“彼此恩爱?”白秋毫笑笑,脸上的表情从冷漠到怜悯,“彦宇,你知道安桃家里是什么情况吗?”

白彦宇不知道。

白秋毫也不怪他。

白秋毫随手按灭高压锅的开关,然后用戏谑又嘲弄的调子将安桃的身世娓娓道来。

“安桃从小就是个留守儿童,她的父母为了养活一家人的开销,决定到城市里打拼。”

“应该是她上六年级那会吧,她的父母在我们这个城市安顿好,于是将安桃接到身边照顾。”

“六年级期末考结束,安桃被父母送到寄宿学校,她的成绩确实很好,市里的各大奖项拿个不停,还遇到了几个像样的朋友。”

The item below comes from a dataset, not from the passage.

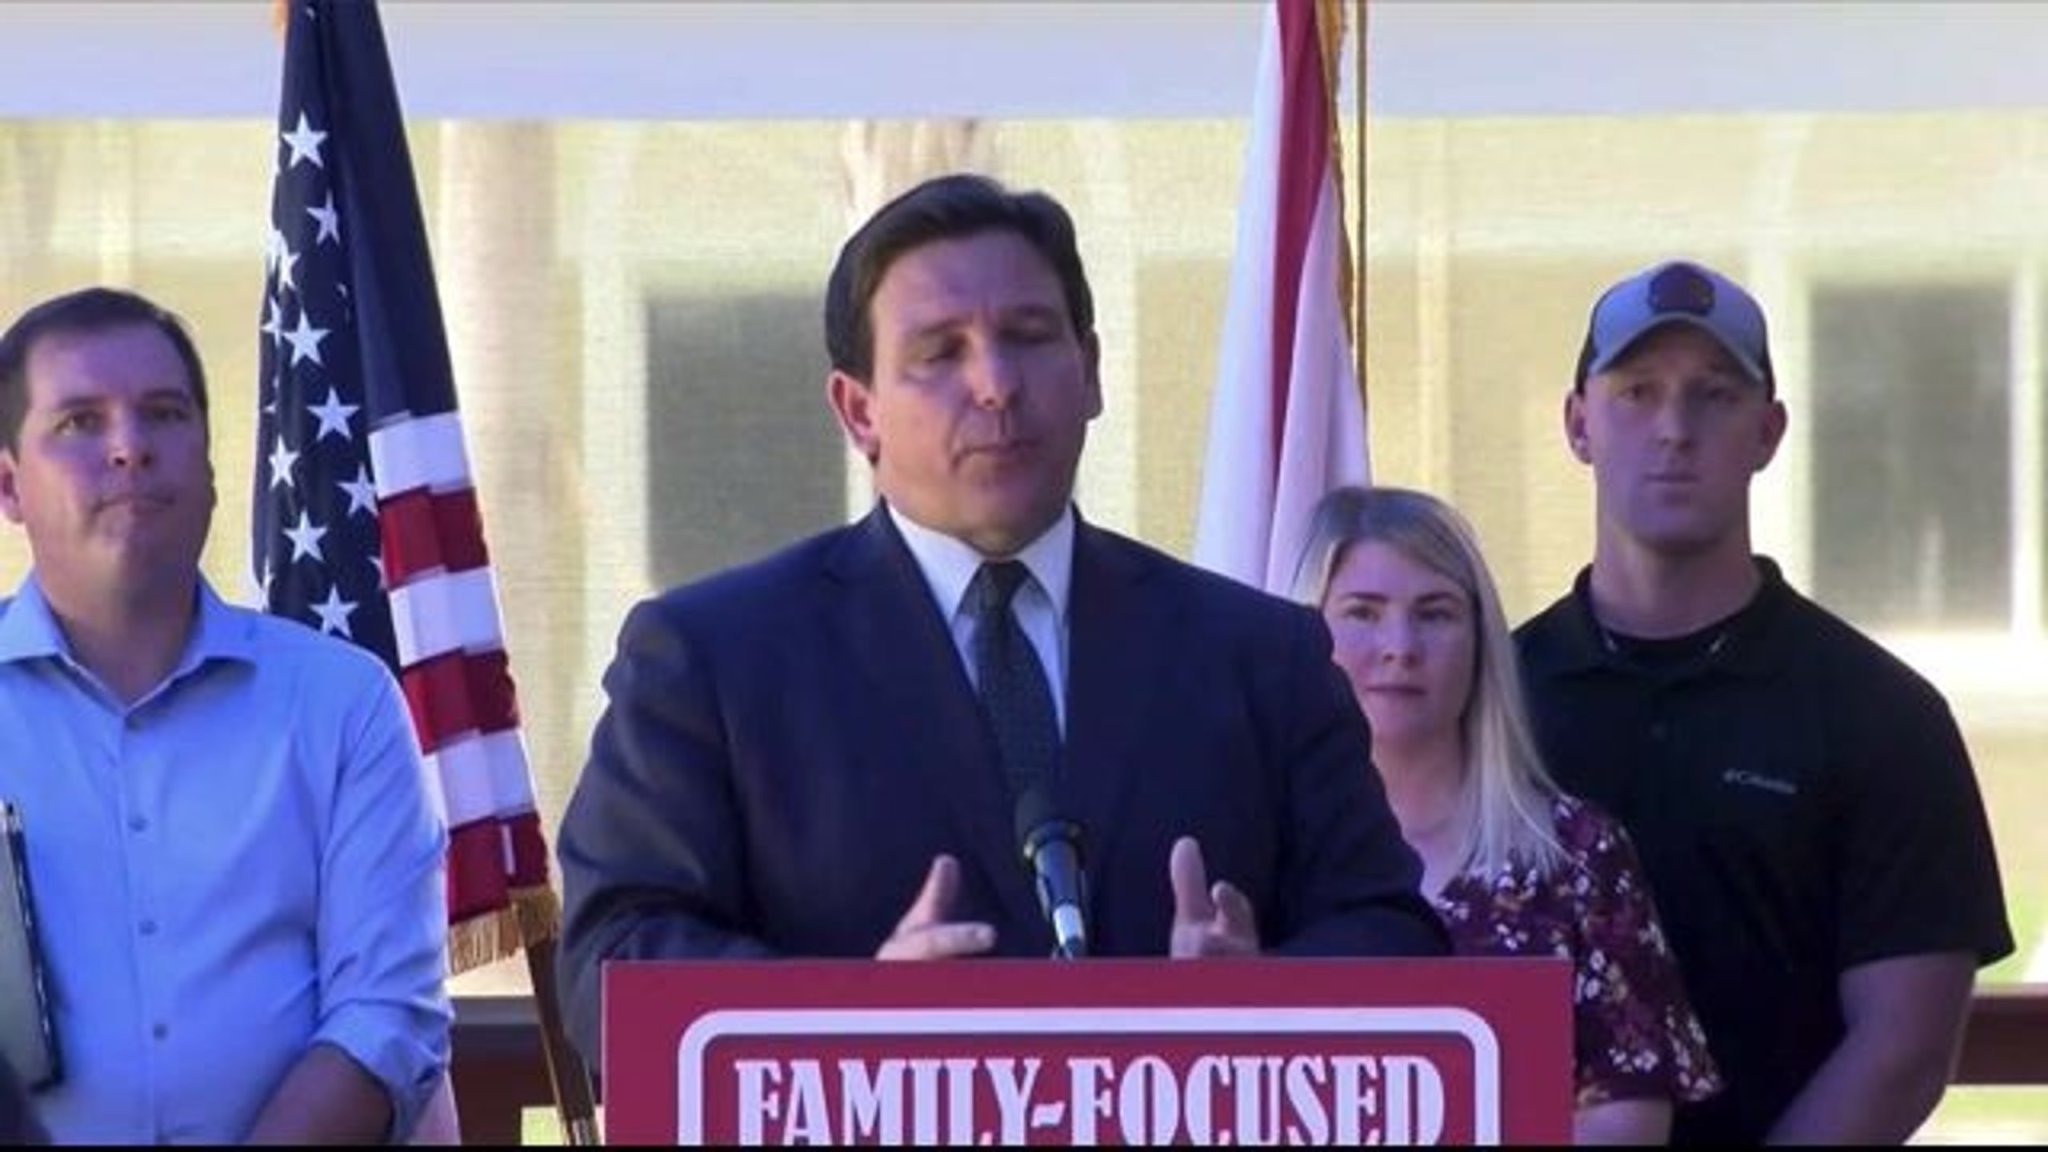 Gov. DeSantis (R-FL) asked why the state paid to transport migrants from Texas: "It’s just coming in onesie-twosies."

白秋毫笑了声,然后接着往下说:“随着生活日益富裕,安桃的父母开始背着对方玩婚内出轨。初三那年,争吵不断的两人决定离婚。”

说到这,白秋毫又是一声讥笑:“等安桃收到法院通知书时,她的父母居然已经带着彼此的情人远走高飞。父母不负责,她自己的成长经历也可悲的不行。”

“我从安桃嘴里套到这些事后,一度有过把她撵走的想法,但是我没有。”

白秋毫看向自己的儿子,表情有点陌生:“彦宇,你知道为什么吗?”

白彦宇不明白。

白秋毫也不卖关子:“因为我想让你跟她在一起,然后忘掉姓缪的那小子。”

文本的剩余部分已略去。